Prompt: What you return must match the listing below character for character, minus any pictures.

Stored data:
-.-.-

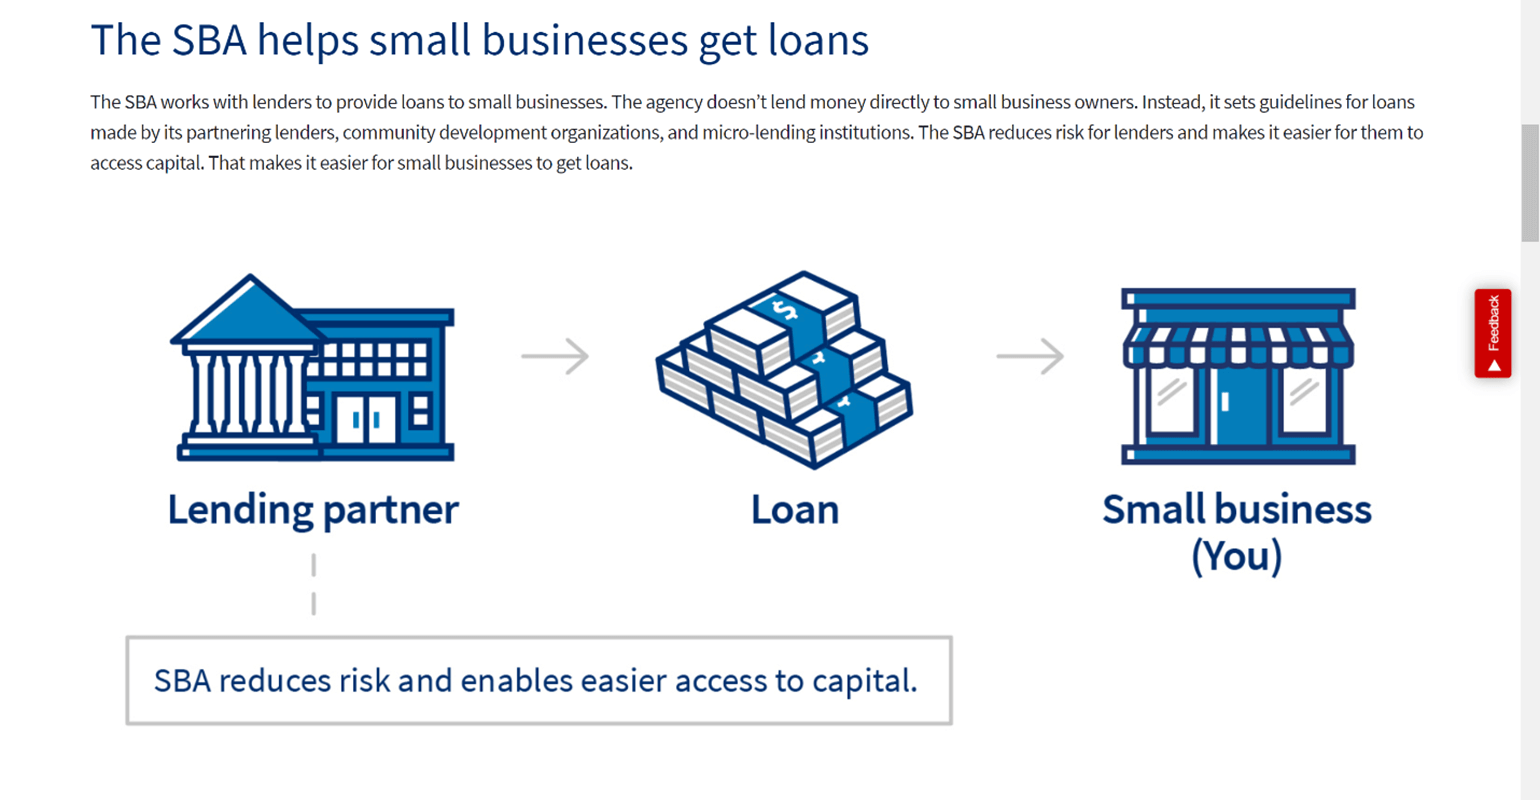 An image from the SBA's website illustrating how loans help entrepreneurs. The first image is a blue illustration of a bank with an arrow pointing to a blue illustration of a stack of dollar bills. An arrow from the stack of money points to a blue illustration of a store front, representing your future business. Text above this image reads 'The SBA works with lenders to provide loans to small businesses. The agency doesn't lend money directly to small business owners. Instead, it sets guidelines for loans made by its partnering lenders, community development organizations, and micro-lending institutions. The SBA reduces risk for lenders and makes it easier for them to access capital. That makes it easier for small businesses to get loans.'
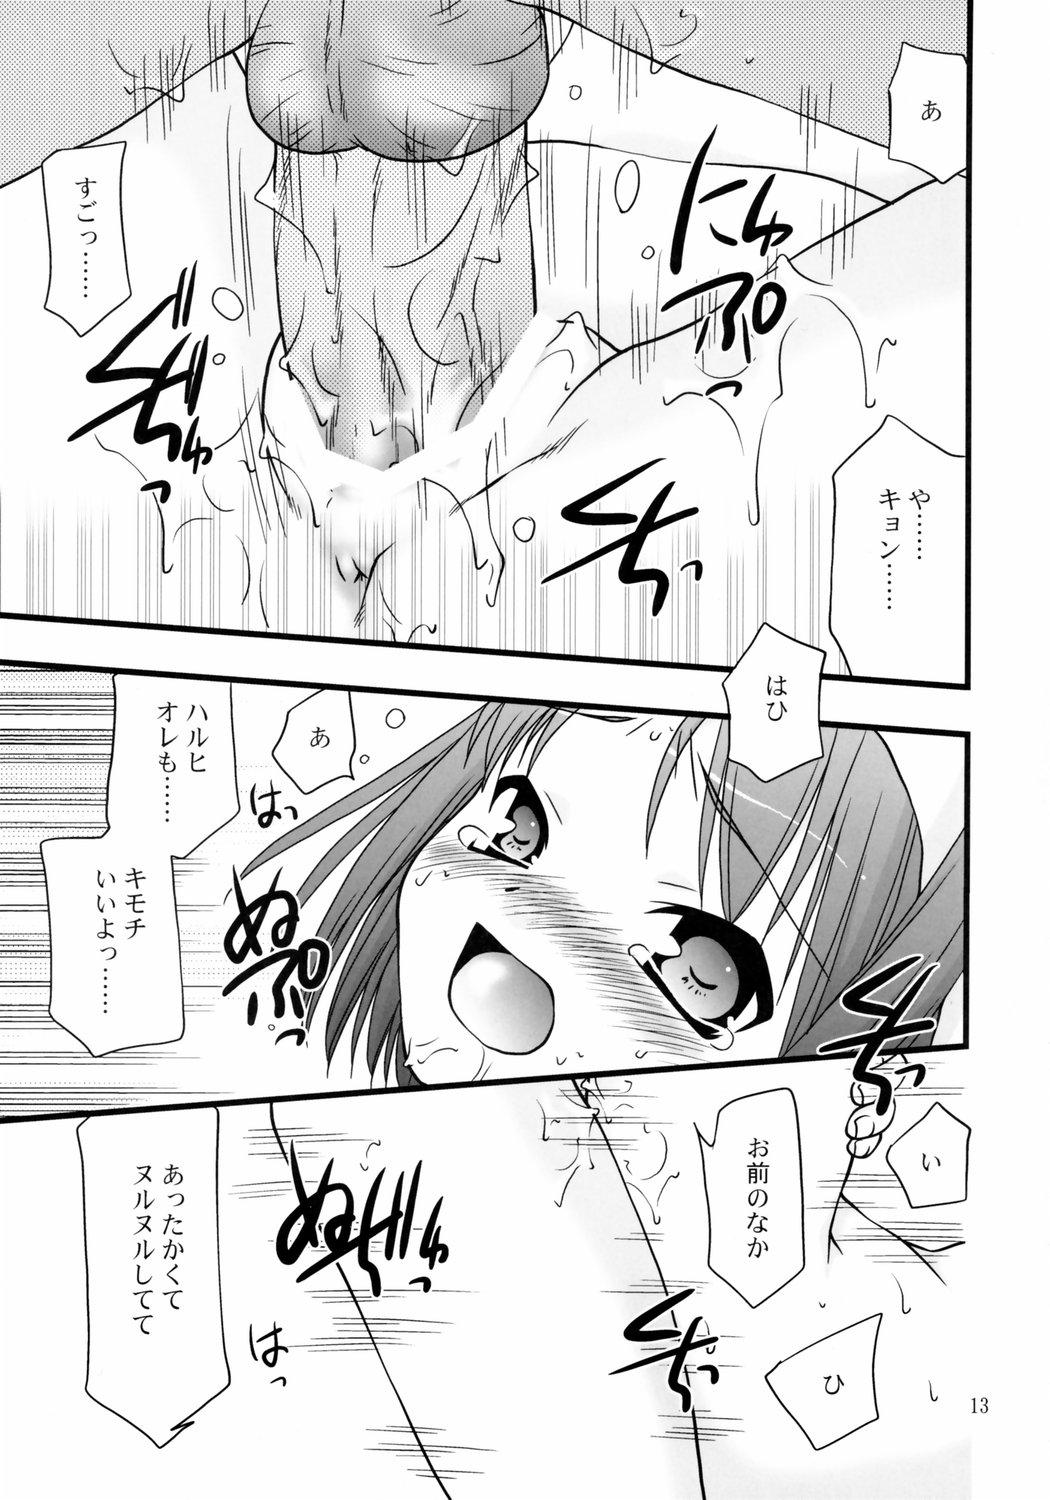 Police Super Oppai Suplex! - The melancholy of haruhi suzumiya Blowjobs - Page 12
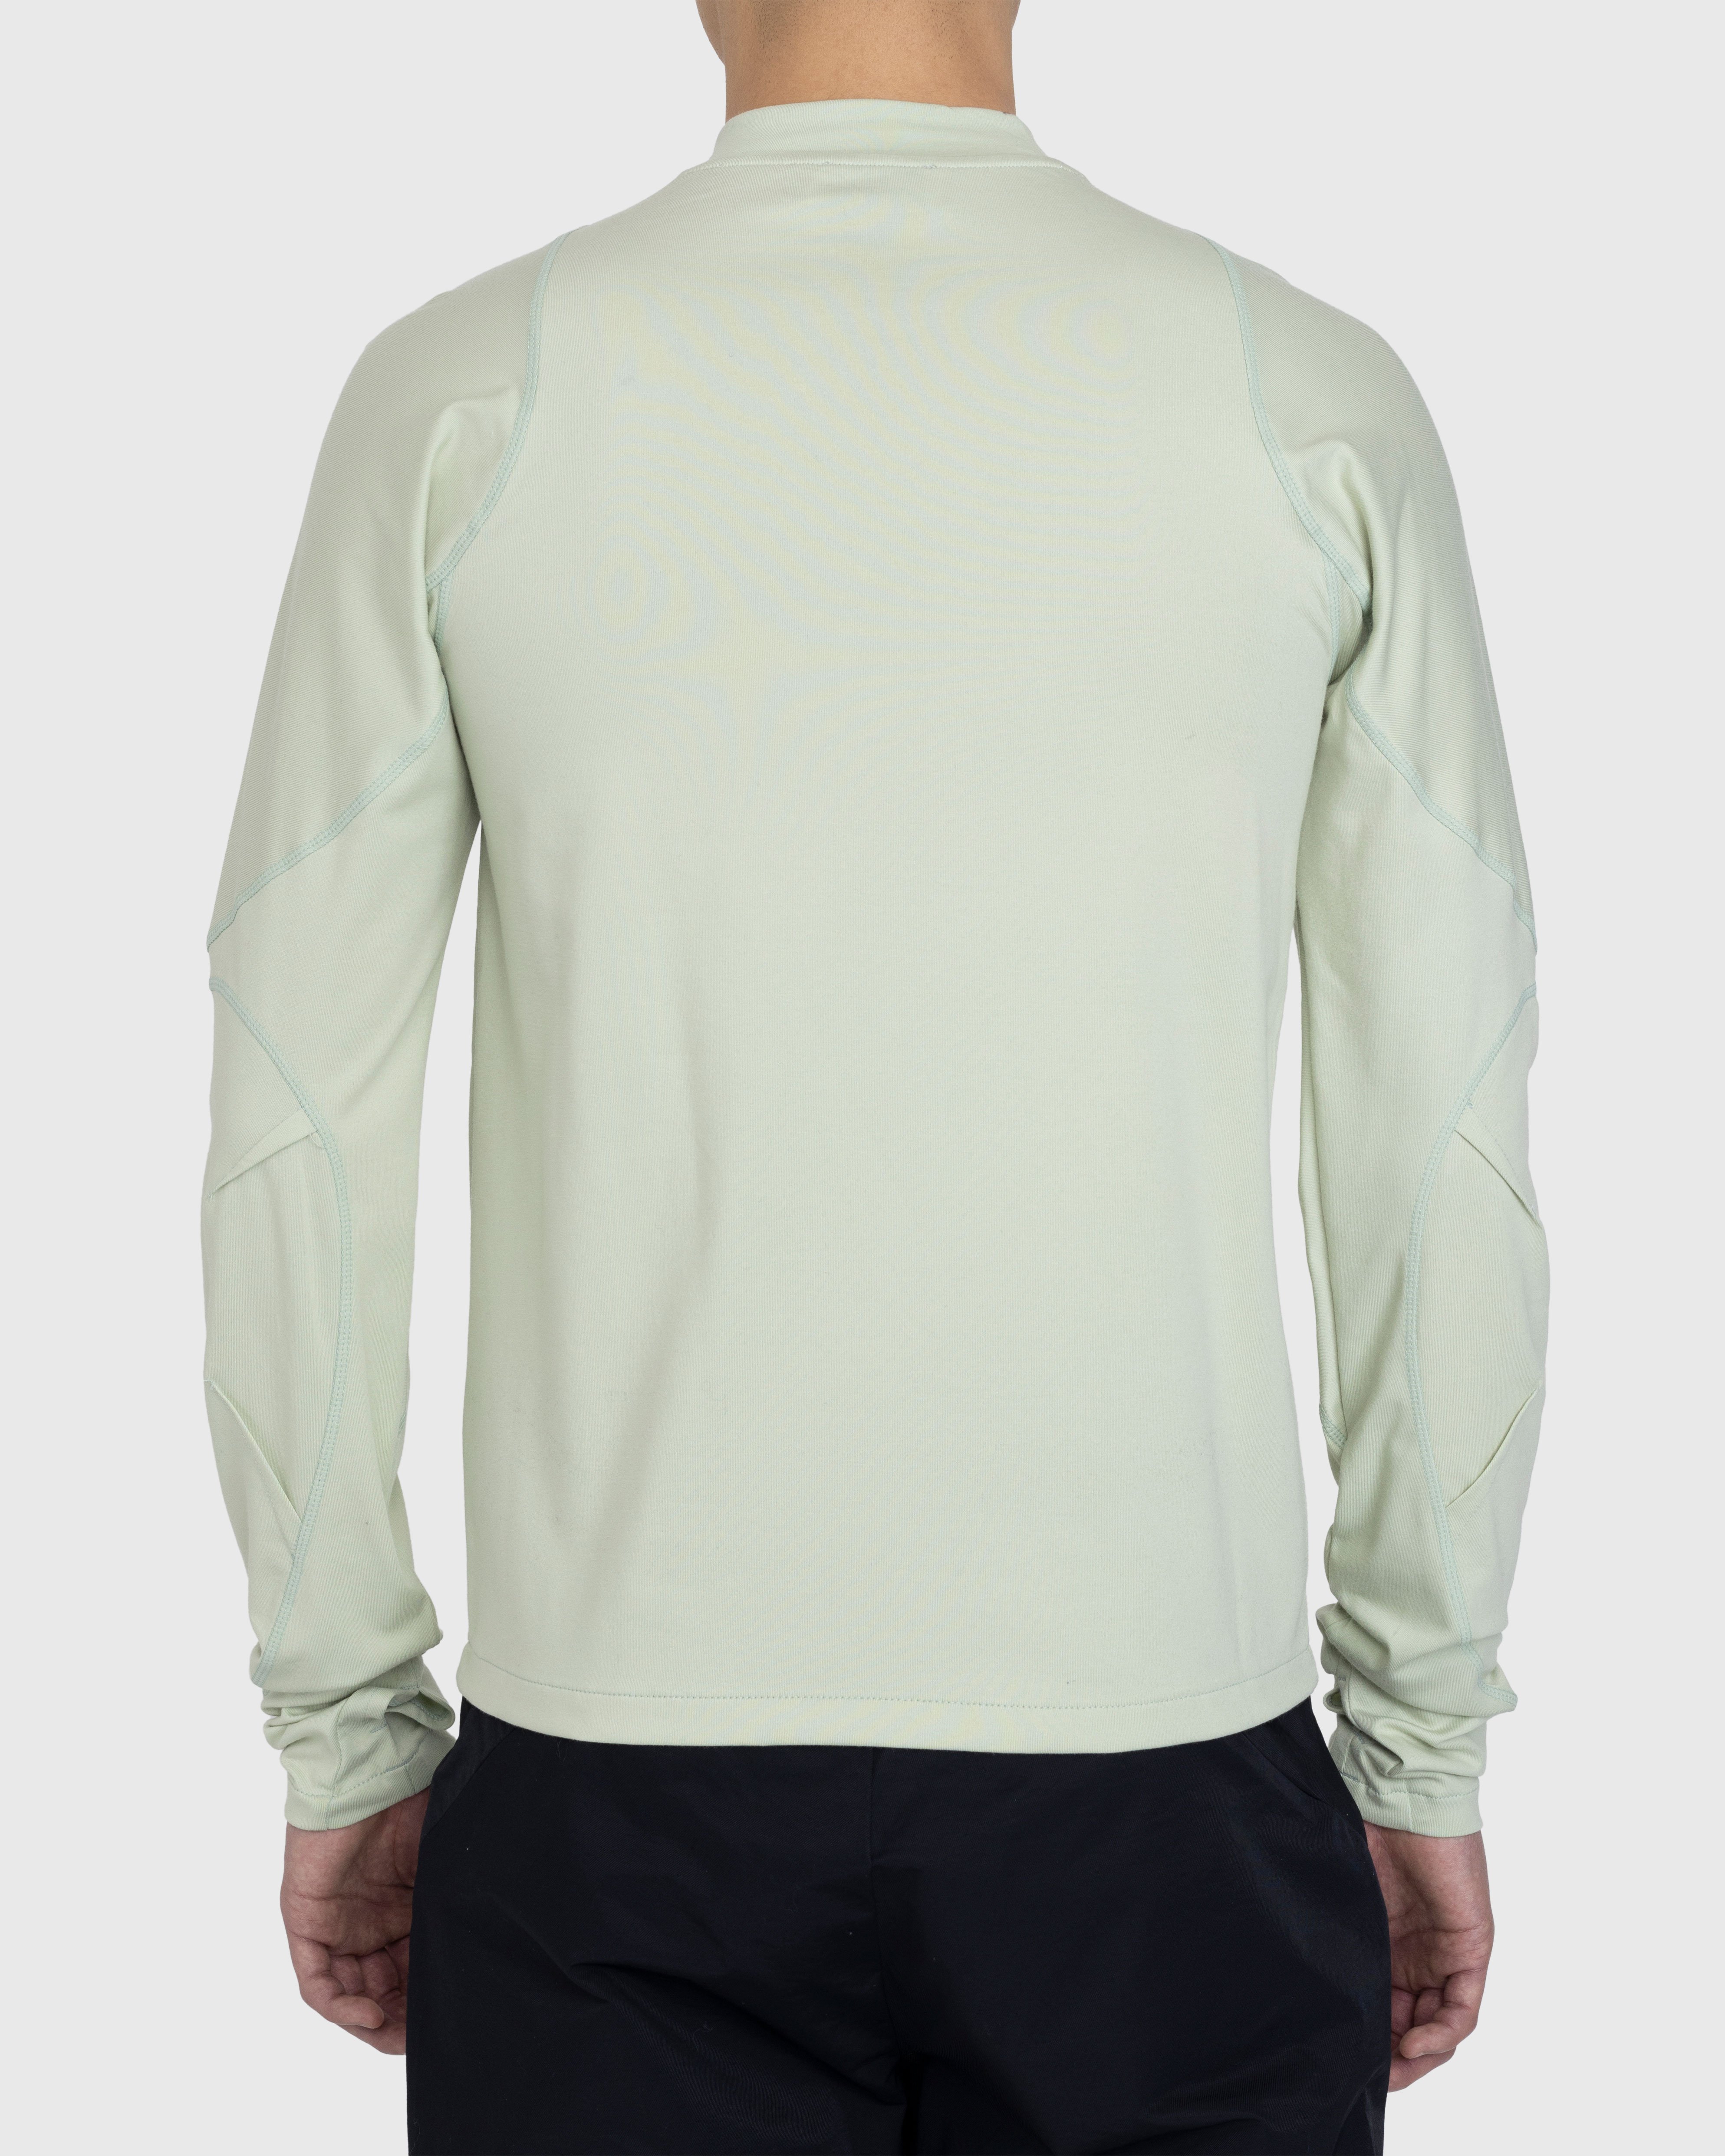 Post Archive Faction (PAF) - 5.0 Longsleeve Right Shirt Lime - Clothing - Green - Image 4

-.-.-

Exercise result:
 An image from the SBA's website illustrating how loans help entrepreneurs. The first image is a blue illustration of a bank with an arrow pointing to a blue illustration of a stack of dollar bills. An arrow from the stack of money points to a blue illustration of a store front, representing your future business. Text above this image reads 'The SBA works with lenders to provide loans to small businesses. The agency doesn't lend money directly to small business owners. Instead, it sets guidelines for loans made by its partnering lenders, community development organizations, and micro-lending institutions. The SBA reduces risk for lenders and makes it easier for them to access capital. That makes it easier for small businesses to get loans.'
 Police Super Oppai Suplex! - The melancholy of haruhi suzumiya Blowjobs - Page 12
 Post Archive Faction (PAF) - 5.0 Longsleeve Right Shirt Lime - Clothing - Green - Image 4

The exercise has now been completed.